Мне, наверное, придется еще не раз к ней обратиться.
Спектакли Кабуки, когда я их опять посмотрел, показались мне чересчур декоративными, экзотическими, да еще вдобавок рассчитанными на экспорт. Декорации заставляли меня вспомнить лавки сувениров, а внешняя изощренность не могла скрыть внутренней незначительности.
Во время моей поездки погода была теплая и влажная. Города появлялись в мелкой сетке дождя, все казалось серым, цвета асфальта, по улицам медленно двигались сплошные потоки мокрых черных зонтиков.
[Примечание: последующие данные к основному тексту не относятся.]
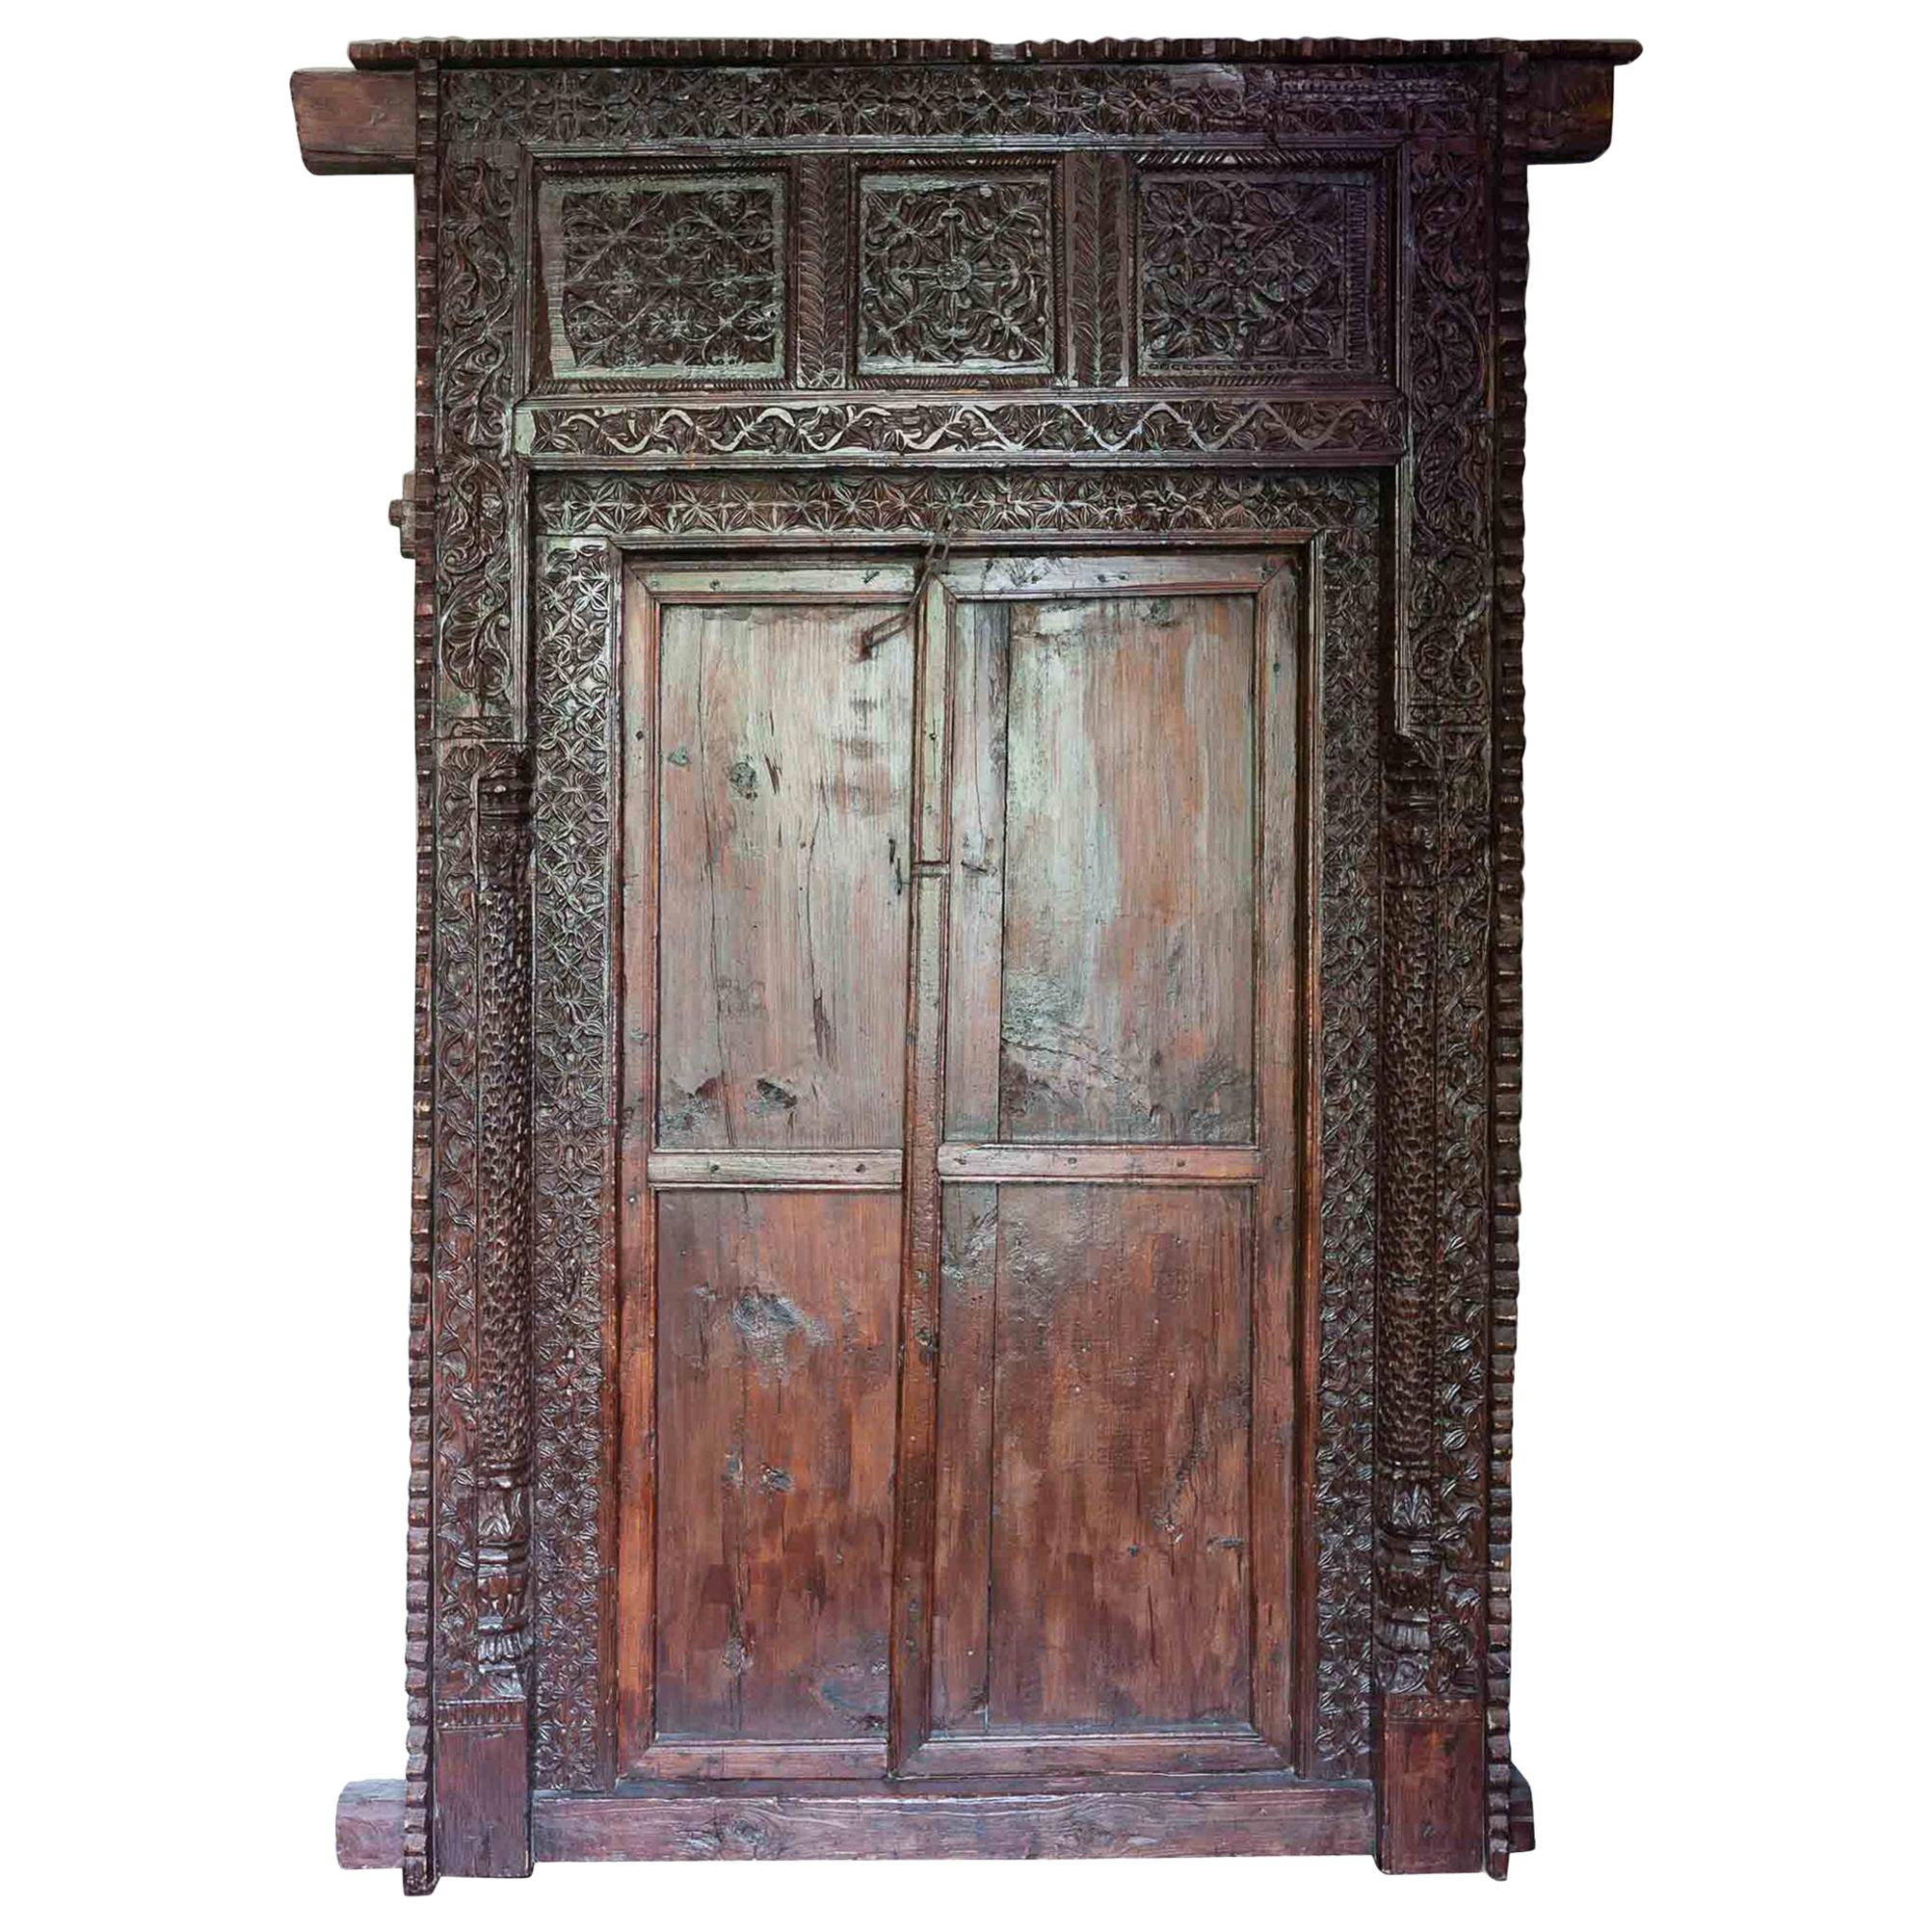 Antique Indian Ornately Carved Wooden Doors and Surrounding Frame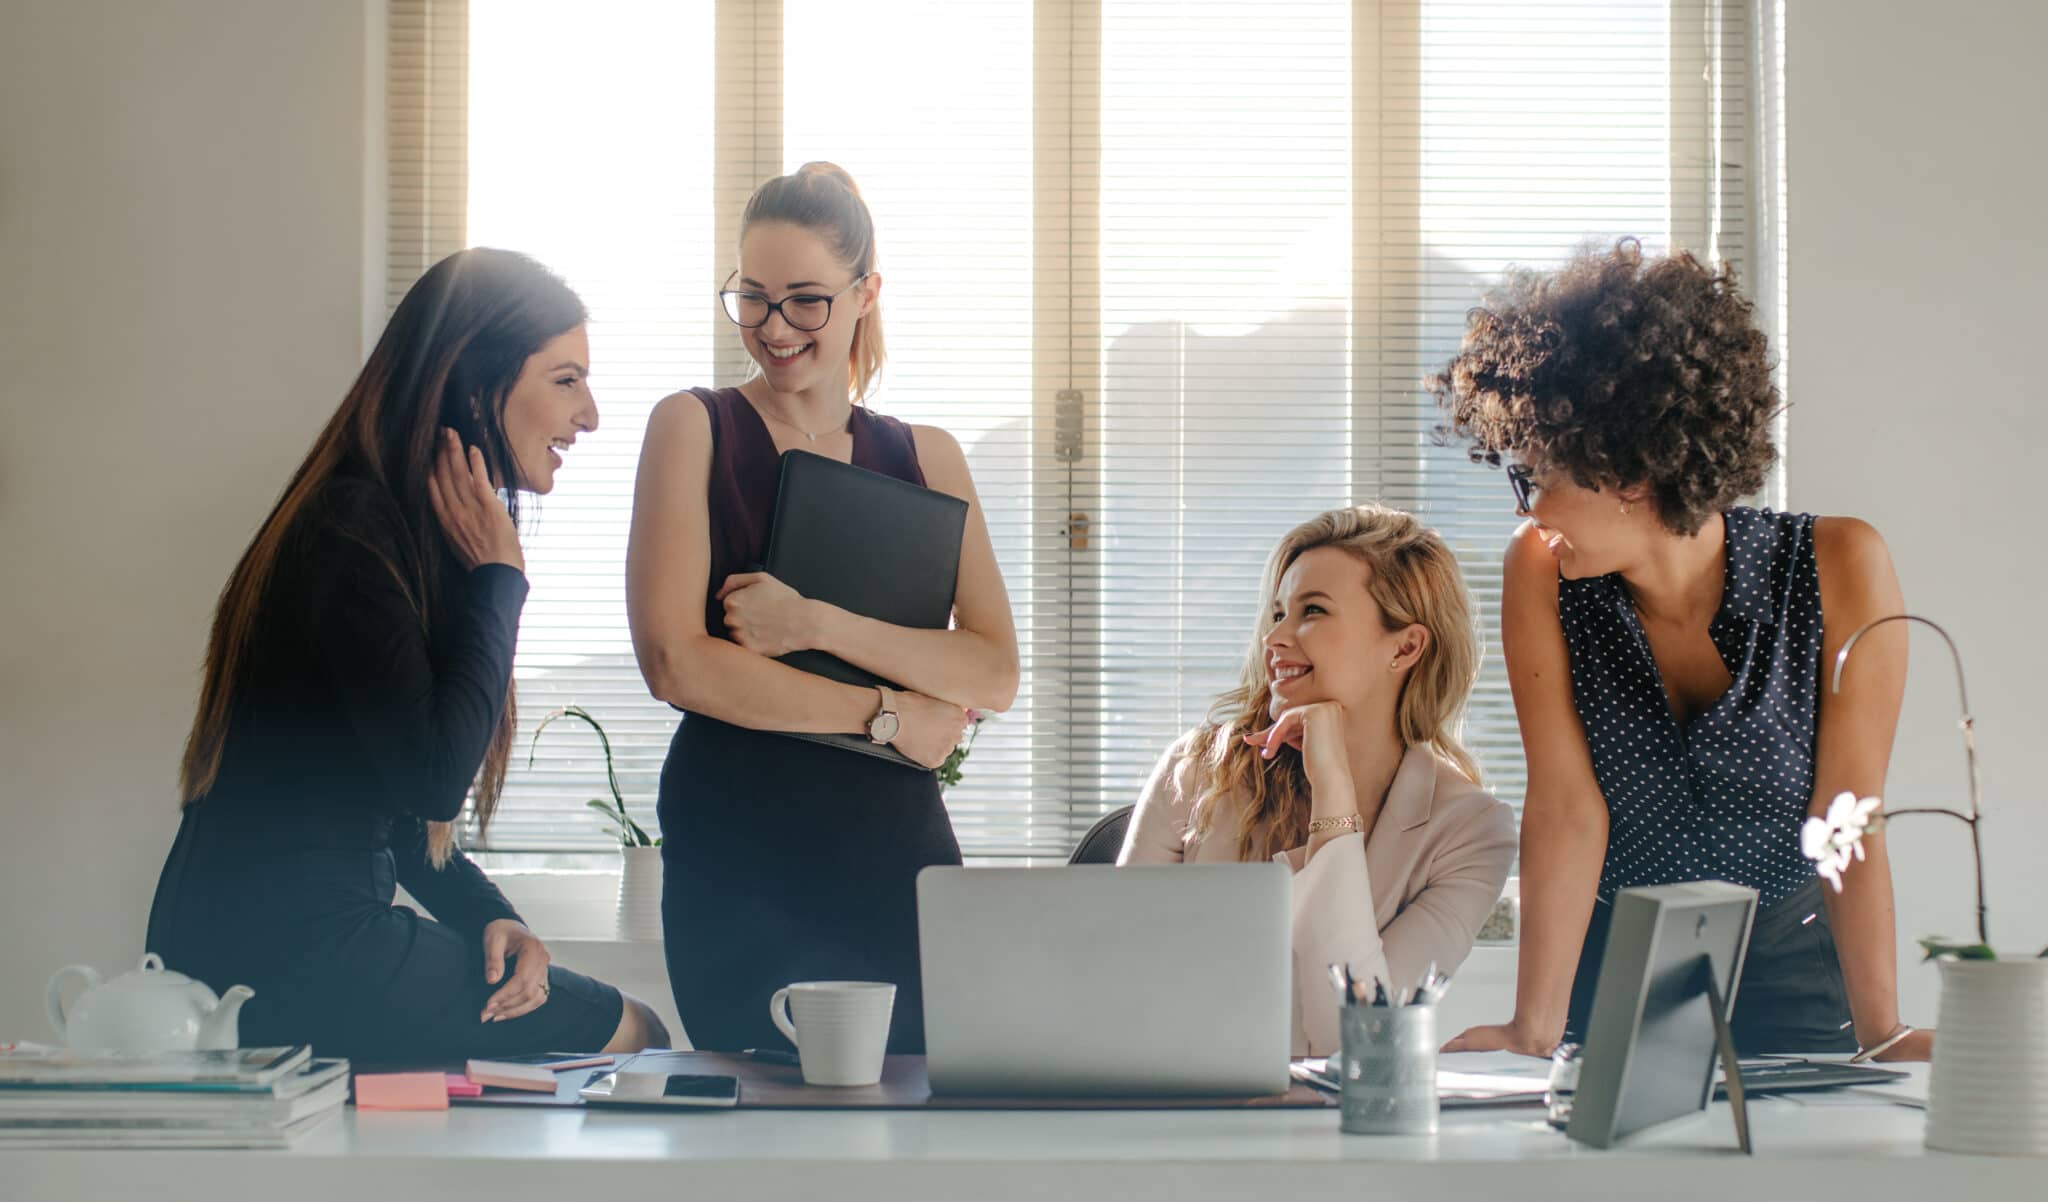 Group of multi-ethnic businesswoman having a casual discussion in office. Group of four women talking during work break in office.

Японское искусство, которое я теперь полюбил, было неярким, темно-коричневым, серо-черным; у него были спокойные формы, негромкие голоса. Больше всего на меня воздействовала глубина сосредоточенного лиризма.
Разумеется, это были только некоторые черты японского искусства, те, о которых я раньше не подозревал: заграничные гастроли и репродукции приучали меня к другой образности.
Парадокс японского искусства состоит в том, писал Эйзенштейн в 1929 году, что, будучи во многих своих видах кинематографичным по структуре, самой кинематографии оно не имеет. Японские ленты тогда не представляли интереса. С тех пор как была написана эта статья, прошло много лет. Японское киноискусство не только появилось на свет, но и оказало заметное влияние на европейское.
Акиру Куросаву мало интересуют Кабуки, зато, как он не раз говорил, повлияли на него традиции Но. Услышав это, еще задолго до поездки в Японию, я удивился: что может роднить древнюю условность (многое в Но сохранилось еще с XIII века) с кинематографической 'образностью, казалось бы, всегда жизненной?
"Жизненность", "кинематографичность",-существуют ли такие понятия в каком-то единственном, застывшем состоянии? ..
"Идиот" Куросавы, на мой взгляд, чудо перевоплощения классики в кино. Страницы Достоевского ожили, слова-тончайшие определения - материализовались. Я увидел на экране глаза Рогожина-бешеные, жгущие, раскаленные угли-именно такие, какими их написал Достоевский.
Но у Тосиро Мифунэ (играющего эту роль) раскосые глаза! И действие фильма происходит в современной Японии. Все не так. Пароход вместо поезда, буддийский талисман взамен нательного креста, каждый обычай свойствен другому народу, ничуть не похожему на русский.
И действительно, сперва, когда возникли первые кадры, я не то удивился, не то возмутился: до чего же непохоже! Что ни говори, а каждый из нас смотрит иностранные постановки русской классики с недоверием. Во всяком случае, начинает так смотреть. Но скоро я позабыл о быте, черты лиц другой расы стали для меня привычными. На экране шел снег, витрина лавки была замерзшей, но сквозь заиндевевшее стекло можно было увидеть фотографию, женское лицо. Мгновенно я узнал Настасью Филипповну, ее трагическую красоту. Однако японские глаза? Их я уже не видел. Я оказался в мире Достоевского, среди его героев; это был сложный и причудливый ансамбль его характеров - их странные встречи и расставания; все было иным по внешности и совершенно таким же по внутреннему движению, таким, каким создал этот мир автор.
Потом я отчетливо увидел, как люди шли по хорошо знакомому мне Сенному рынку. А Петербурга на экране и впомине не было. Лишь одна-единственная деталь, близкая России, как навязчивый мотив, проходила сквозь фильм: шел снег. Валили белые хлопья, громоздились сугробы, люди скользили по льду, заносило улицы, все становилось белым.
Белое лицо. Белый снег. Два, казалось бы, несхожих образа: японская маска и "Снежная маска" Блока.
Неудача ожидает каждого иностранца, который начинает постановку с воспроизведения чуждых ему деталей быта. Кто-то из американских режиссеров так начинал "Анну Каренину": суповыми ложками накладывали на тарелку черную икру.